Marty Rosenbluth: LGBT individuals, both men and women in the West Bank and in Gaza are very much persecuted by their own communities. And what the Israelis would do is they would say, well, how would you like us to tell everyone in your community that you're gay? How would you like us to expose the fact that you are gay in your community? And they put pressure on people to collaborate. Same thing with the permit system. In many of these cases that I'm aware of, the individual from the West Bank has a romantic partner who's Israeli and know, try to go back and forth. The Israelis can waive a permit in front of their nose, right, and say you want to go see your boyfriend? Well, we can give you a permit to go back and forth, but you have to provide us with information. But as to other types of discrimination, like, did the Israelis treat Muslims differently from Christians? No. I mean, the Israelis persecute everybody equally, at least their equal opportunity in that way.

James Pittman: Hi, do you want to add anything about the status of Palestinian Christians either on the West Bank or in Gaza? I mean, both under the occupation and in the case of Gaza, under Hamas? Do you have any so I don't.

Haia Abdel: Know of many Palestinian Christians in Gaza. I know that there's a big concentration of them in Ramallah and Bethlehem. There is a little bit in Area C, Old Jerusalem, but not much. They are persecuted the same way that the Palestinian Muslims are. So if there was a church, I believe it was so wherever there are some mountains or hills, that's where they like to build the settlements, those settlements that are illegal under international law. And there was a church at one point on a hill that they burned down because they wanted to take that. With regards to the collaborators, I totally agree with Marty. I mean, even my sister, when she married her husband, we had known that he was in the Israeli jails as a youth for about four to six months. So we knew that he wasn't going to get a visa when he got married to my sister. But even though that she did a petition for him as her husband, after the NBC processing and him getting that personal permit, the Tasriq, to go into East Jerusalem for the interview, he had to come with a police clearance certificate from the IDF. And he went into that station to get the clearance certificate and didn't come out for hours. And then when he came out, there was a lot of rumors that he is a collaborator now, that they were glad that he is leading to the United States, because they don't know what he did. And maybe he promised them some information, I don't know. But he's been here for 20 years. He doesn't want to go back. It's a big deal. I mean, if he comes back, I'm sure he owes them some information.

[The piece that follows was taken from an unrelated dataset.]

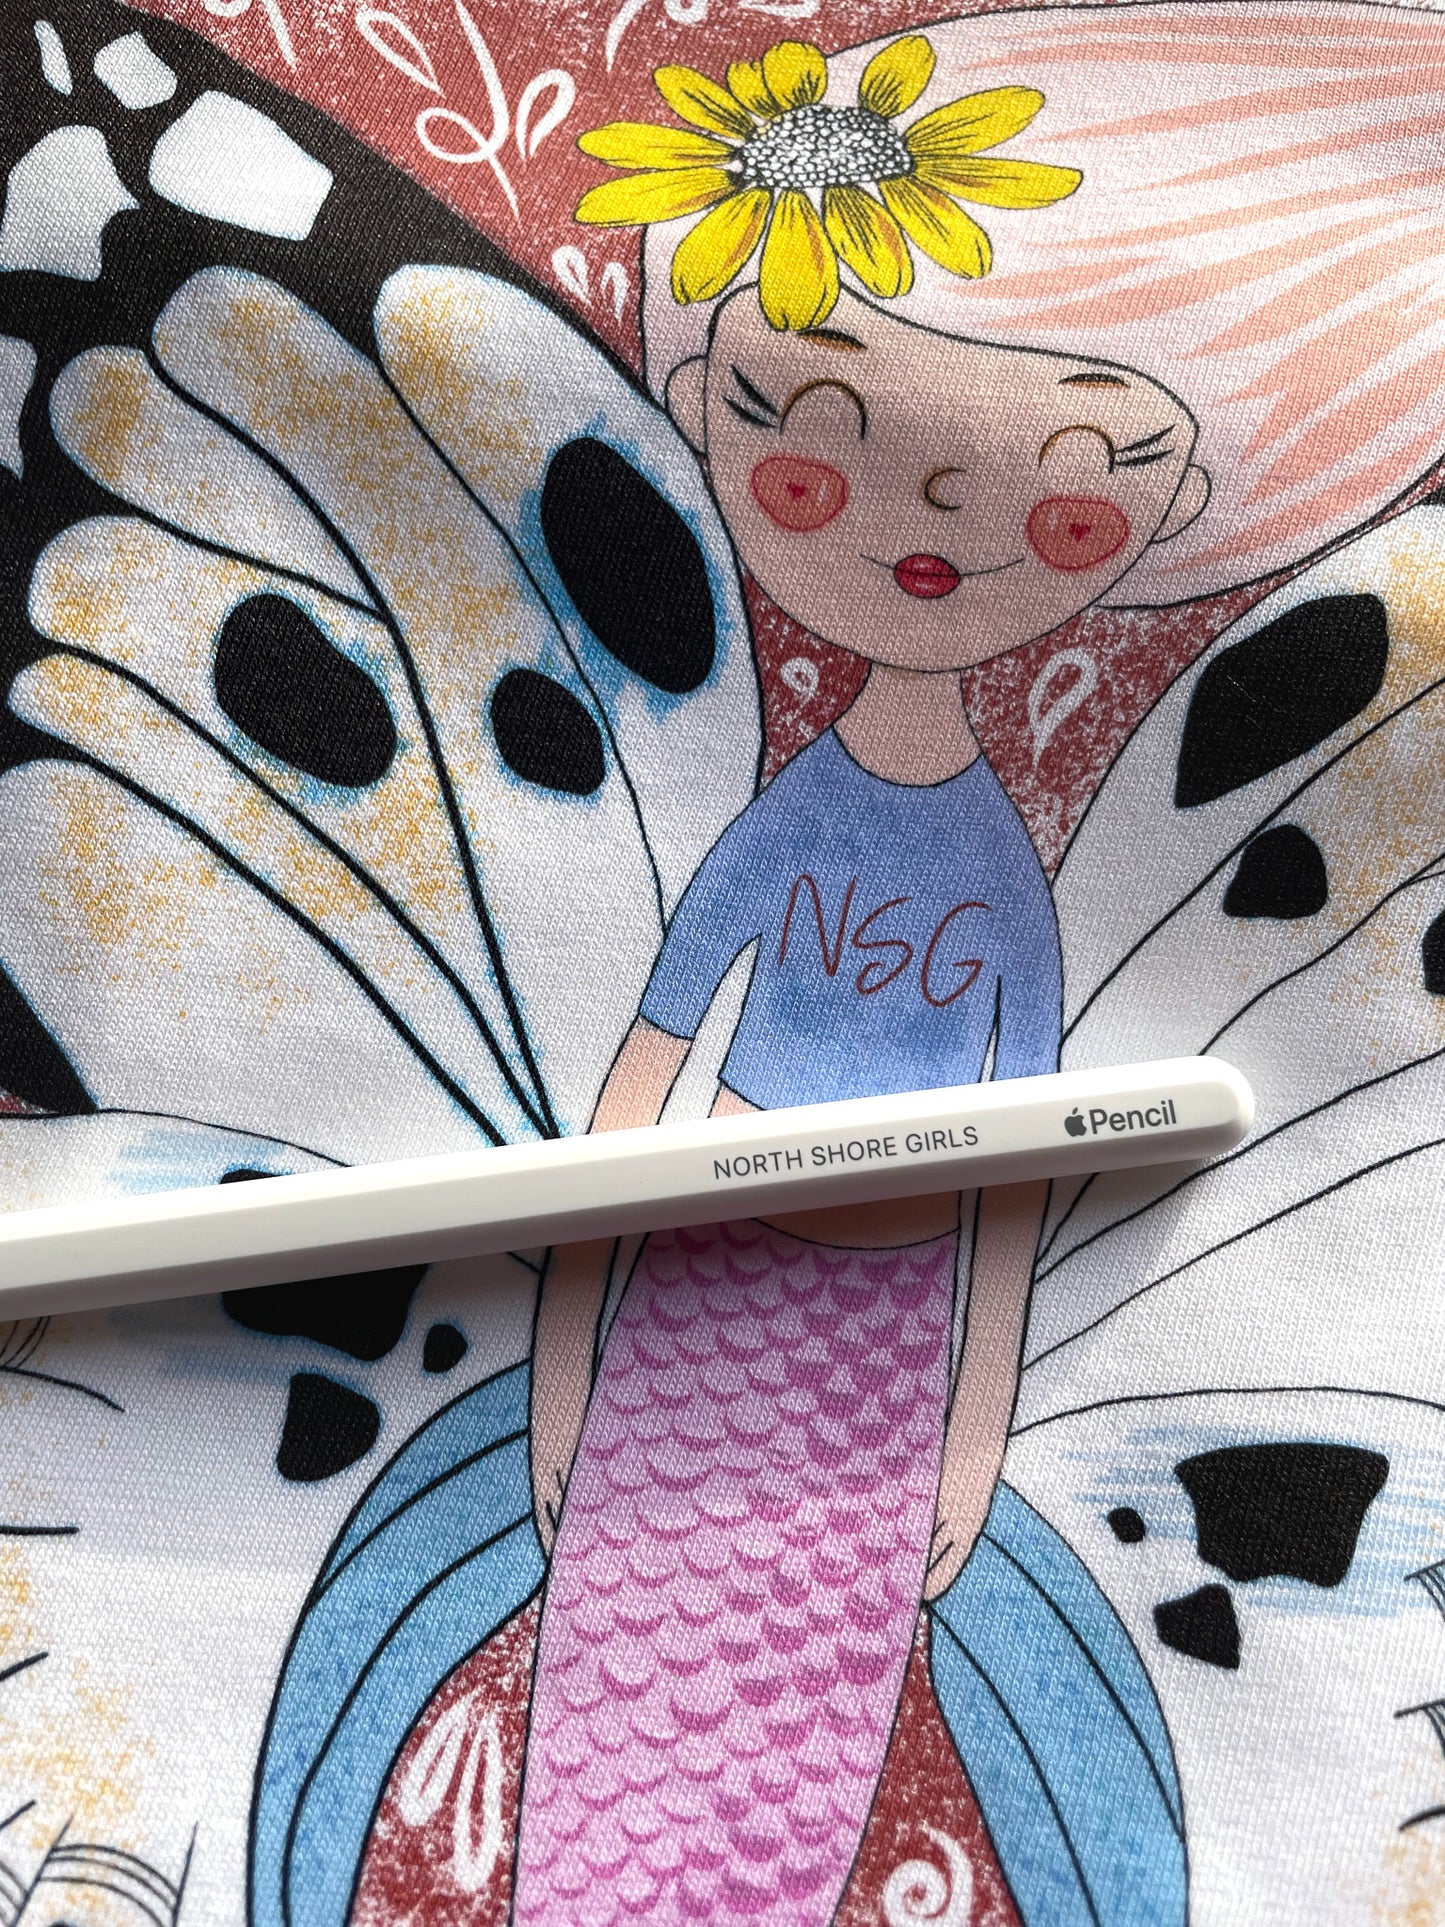 Cute mermaid Butterfly Haleiwa Girl NSG. Art by Nadia Watts. North Shore Girls Kids Tee collection

Marty Rosenbluth: Yeah. And again, I don't do any visa work at all. I mean, I'm 100% defense against removal, but from talking to colleagues who do different types of visas, one of the biggest problems they have is trying to get a clean criminal record report from the Israeli military. And I promise I'm not exaggerating. Okay? I lived there for seven and a half years. I only know one Palestinian male who never spent any time in Israeli custody. Only one.

James Pittman: How did he manage that? Any thoughts on why he was so lucky?

Marty Rosenbluth: I don't really know. It's like you guys blessed or something. I have no clue at all why he never got picked up. I think it may be because he was an archaeology student and he had some friends at Hebrew University. But I really don't know why he never got arrested. But only one. I mean, I must have met hundreds, if not thousands of Palestinian males, and he's the only one. So if you try to get a clean record report from the Israeli military for different visa purposes, it's really hard.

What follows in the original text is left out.